• Problem to solve:
Without any pictures, print exactly the lines that run from the start of the data through the line containing "Team Name Crewneck".

• Data shown:
........
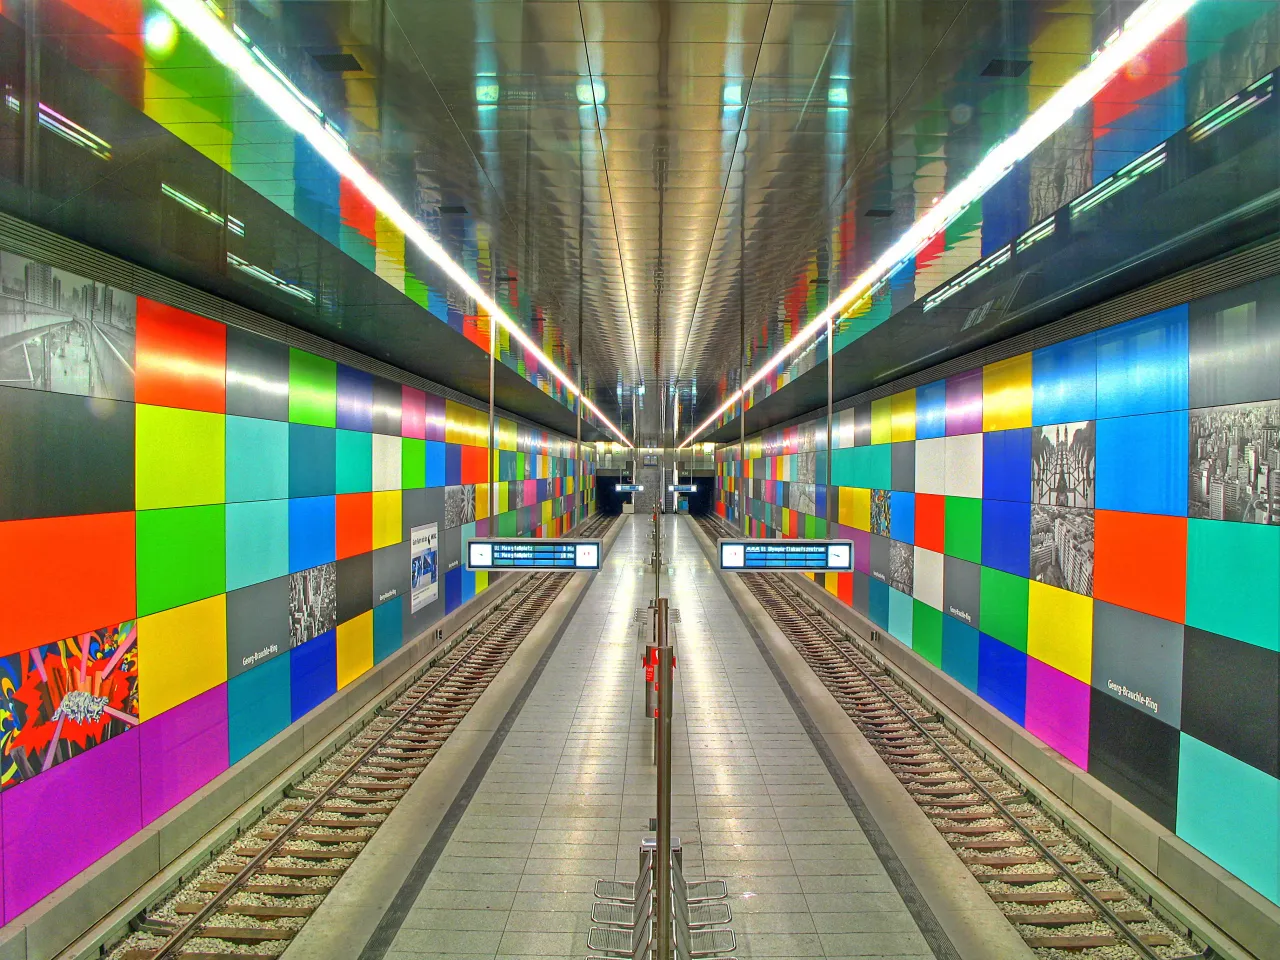 Включи красивую станцию. Георг-Браухле-ринг. Станция "Георг-Браухле-ринг", Мюнхен, Германия. Мюнхен: станция Candidplatz. Метро Мюнхена.
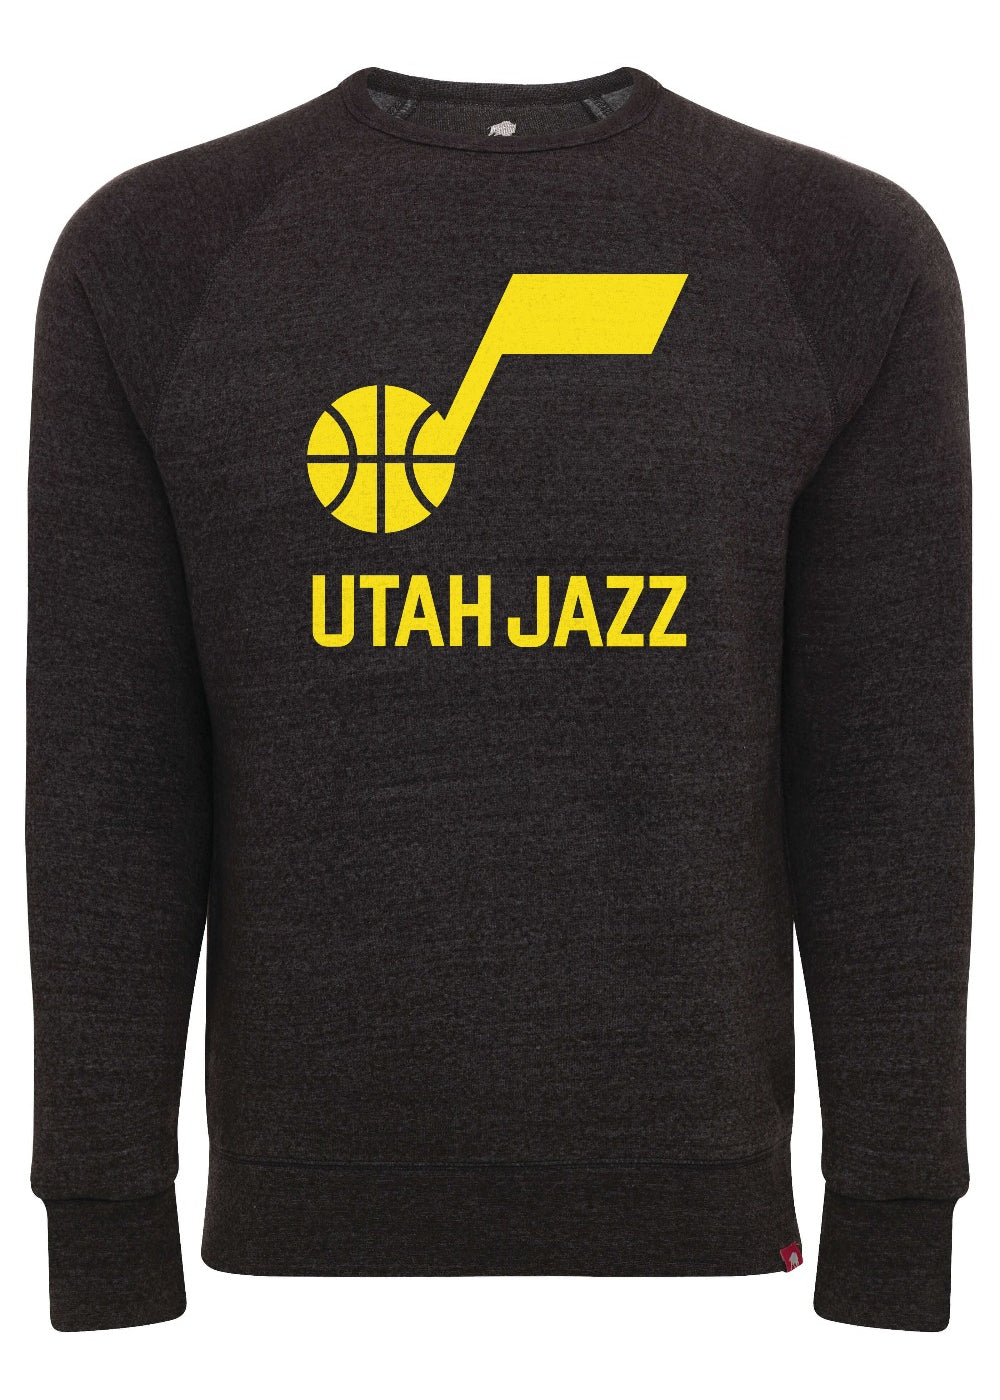 Team Name Crewneck - Black - Primary - WEAR – Utah Jazz Team Store
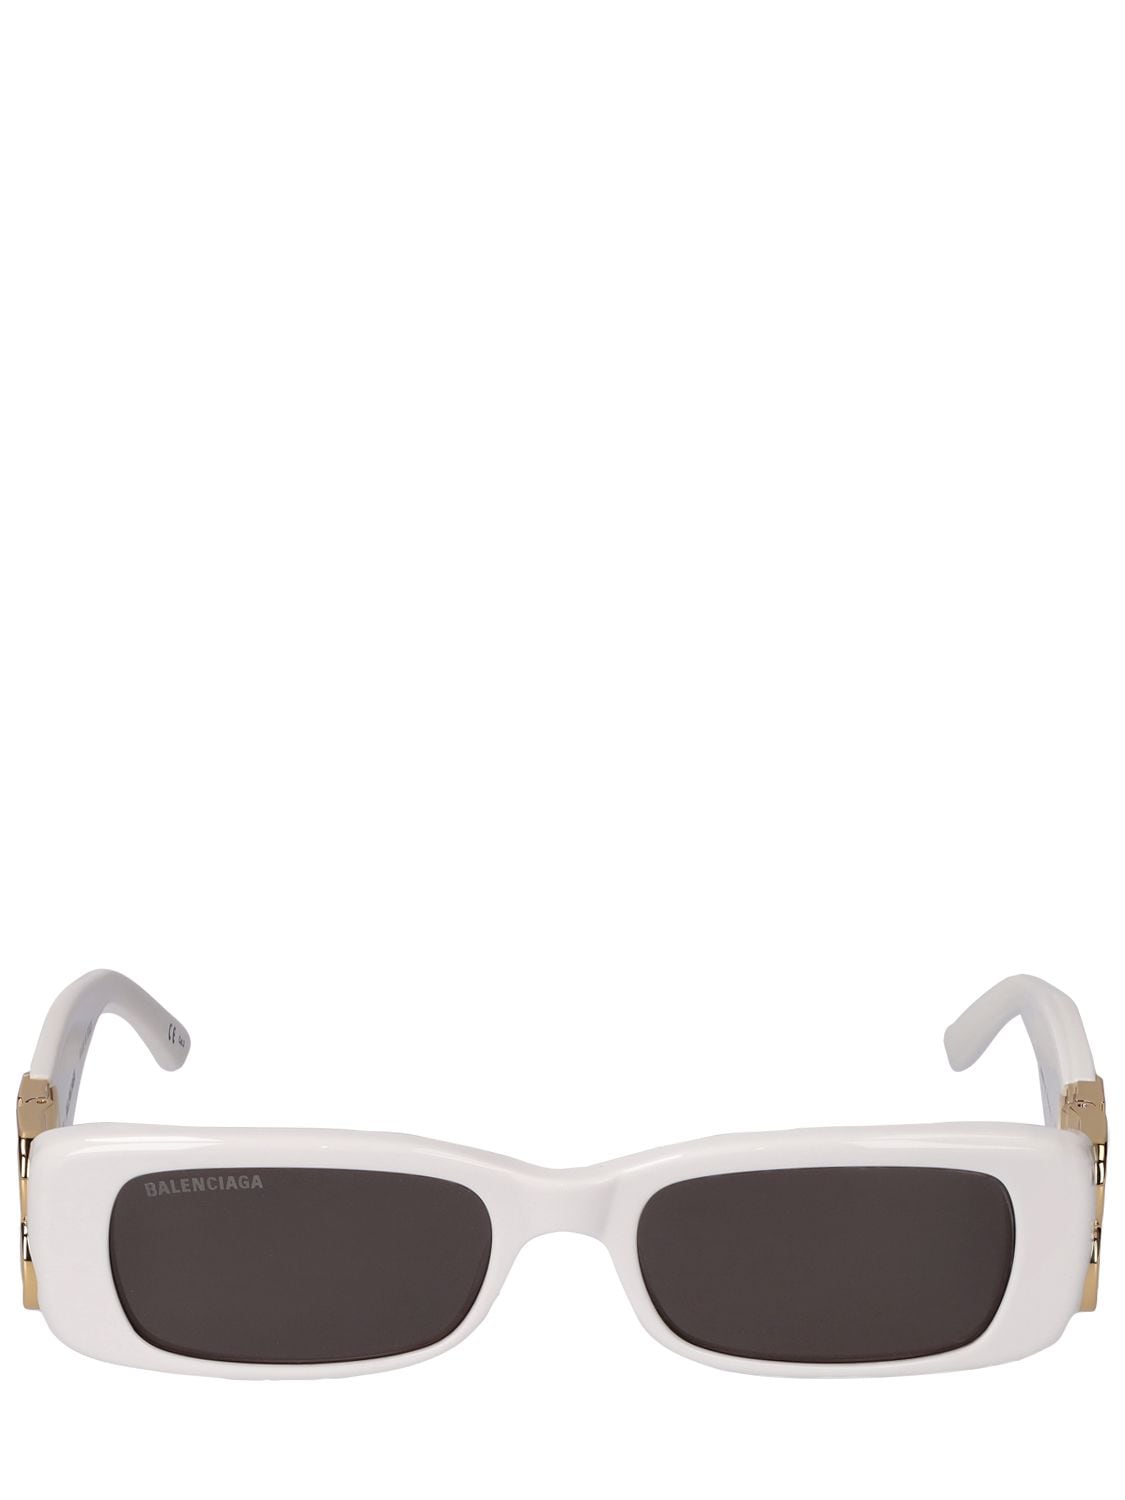 Balenciaga Dynasty Rectangle-frame Sunglasses In White | ModeSens
........
• Answer space:
 Включи красивую станцию. Георг-Браухле-ринг. Станция "Георг-Браухле-ринг", Мюнхен, Германия. Мюнхен: станция Candidplatz. Метро Мюнхена.
 Team Name Crewneck - Black - Primary - WEAR – Utah Jazz Team Store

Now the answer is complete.